Esperanza rapidamente disse que não, que sobre o sigilo ela concordava, mas que não queria algo rápido. “Quero que faça comigo exatamente o que fez com a Majo”. Sendo assim, nas mãos dela, não tive outra opção a não ser engolir seco e me resignar a cumprir as ordens de Esperanza. Imediatamente me abaixei e comecei a lamber a pussy dela, movendo minha língua lentamente para cima e para baixo sobre sua jovem buceta. Ela segurava meu cabelo com uma das mãos enquanto eu fazia isso, pedia constantemente que eu não parasse, com a outra mão acariciava os próprios seios. Enquanto estava ali, passeando minha língua sobre a pussy dela, tentei aguçar meus ouvidos. Eu a ouvia engolir seco, suspirar, notava como sua respiração acelerava. Também ouvia a água caindo, sabia que a Majo ainda estava tomando banho. Pensava que isso não teria acontecido se a Majo tivesse me deixado dormir lá. Tentei justificar tudo pensando que isso também era culpa da Majo, depois me toquei; tive claro que nem eu nem a Majo éramos culpados por isso. Tudo era culpa da Esperanza, aquela pequena ninfomaníaca que parecia tão inocente diante de toda a família.
Esperanza parecia satisfeita, cogitei sugerir que parássemos por ali. Que eu comesse a pussy dela enquanto a Majo tomava banho e depois me deixasse ir para casa. Mas Esperanza pensava diferente, enquanto eu imaginava como escapar daquela situação, ela me agarrou pelo cabelo e puxou para cima, até me deixar de pé. Ficando cara a cara, ela diz: “já chega, agora vamos para a parte boa”. Agarrou meu pau entre as mãos e o introduziu lentamente na pussy dela, que naquele momento já estava bem lubrificada.

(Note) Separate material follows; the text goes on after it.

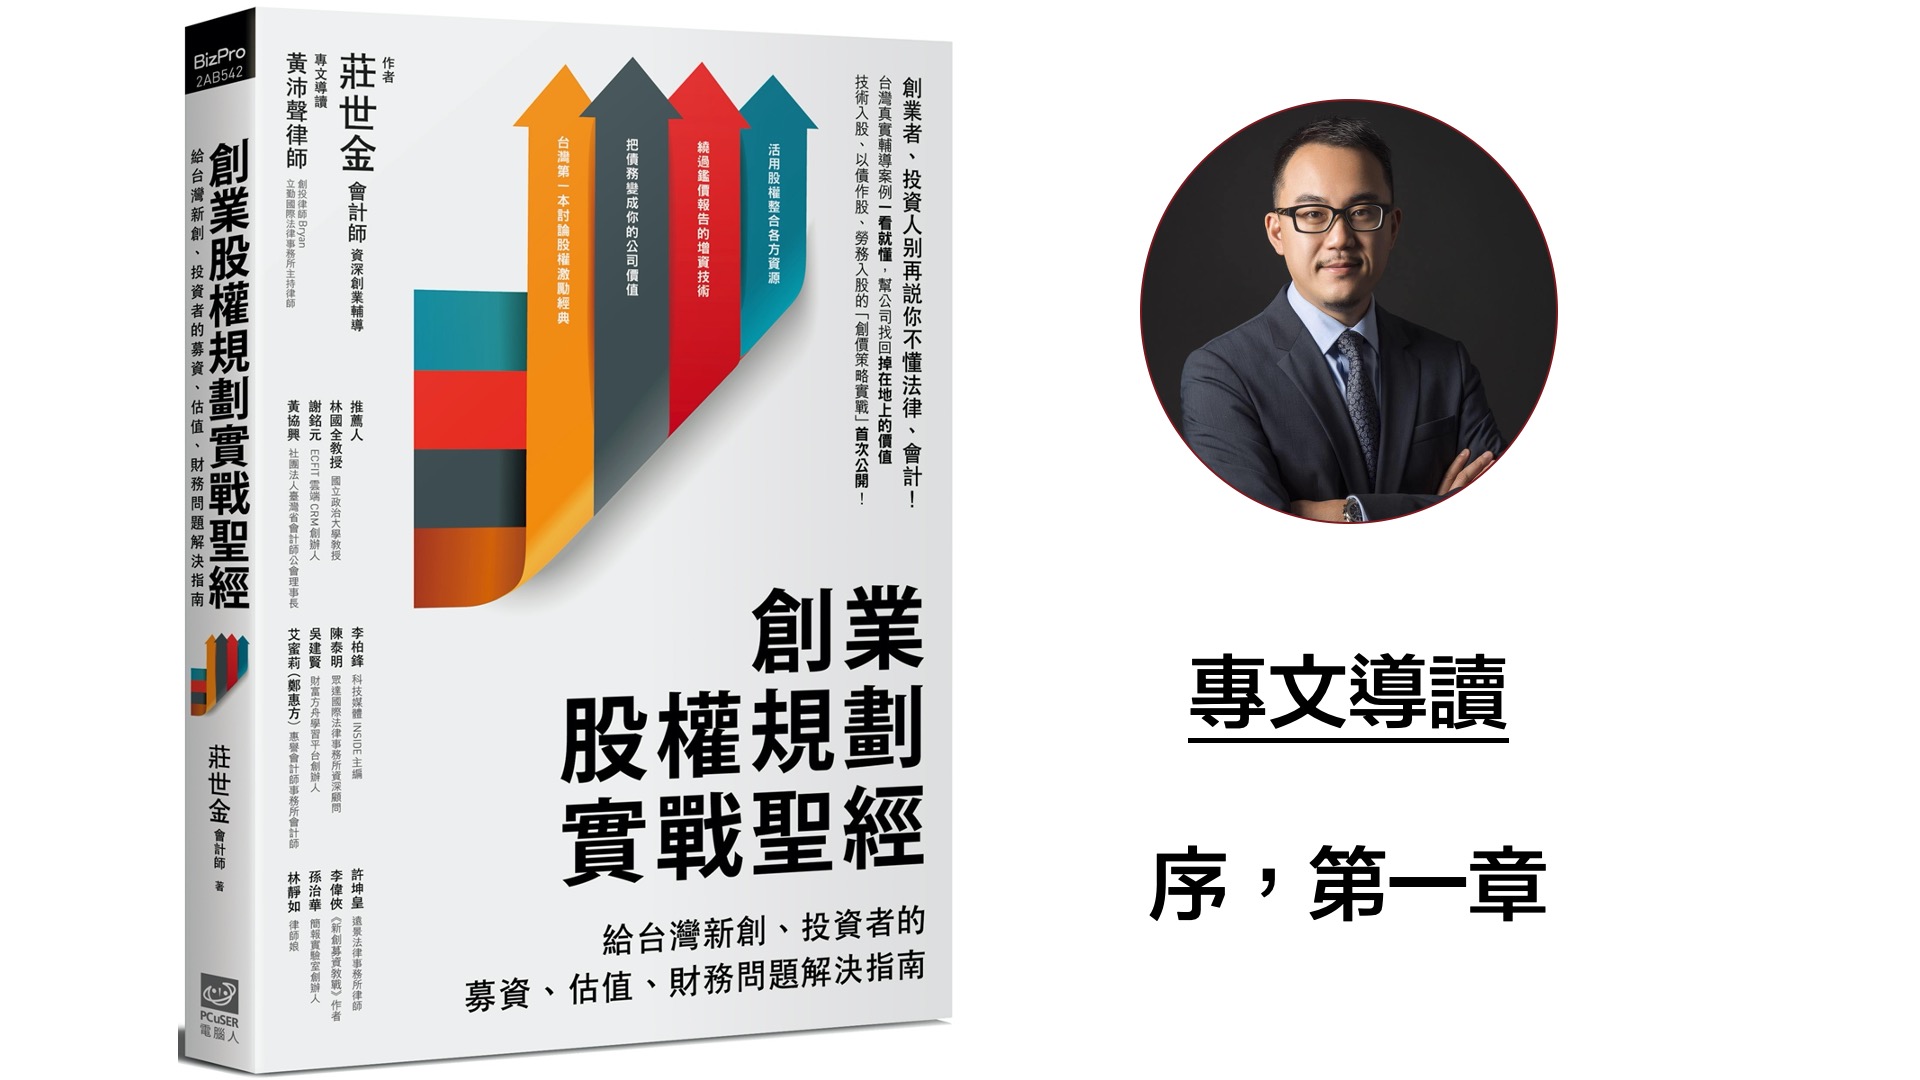 Bryan專文導讀《創業股權規劃實戰聖經：給台灣新創、投資者的募資、估值、財務問題解決指南》

Ainda se ouvia a água caindo, enquanto isso eu começava a deslizar meu pau dentro da pussy da Esperanza. A primeira coisa que fiz foi tapar a boca dela com minha mão esquerda, com a outra mão buscava acariciar o corpo dela, especialmente os seios, aqueles peitos enormes que, infelizmente, a Majo não tinha.
Mas eu não conseguia; ao fazer isso, perdia o equilíbrio e tinha que me apoiar na parede. A Esperança percebeu e, naquele momento, cruzou os braços atrás do meu pescoço, deu um pulinho e enlaçou as pernas na minha cintura. Eu a segurava por baixo, na bunda, com a mão esquerda; com a outra, passava a mão pelo corpo todo dela, descendo pelas costas, pelos peitos e pelas pernas. Quando sentia que a gente ia perder o equilíbrio, encostava ela na parede; segurava firme e foi aí que começaram os problemas. Primeiro, nossos corpos faziam um barulhão ao se chocar, e ela, mesmo tentando se segurar, soltava uns suspiros e, de vez em quando, uns gemidos. Ela apertava os lábios um no outro, pra não deixar escapar os gemidos, mas de vez em quando não dava conta.
Nós dois ficávamos concentrados em ouvir a água caindo; enquanto a Majo estivesse no banho, não teríamos o problema de sermos ouvidos.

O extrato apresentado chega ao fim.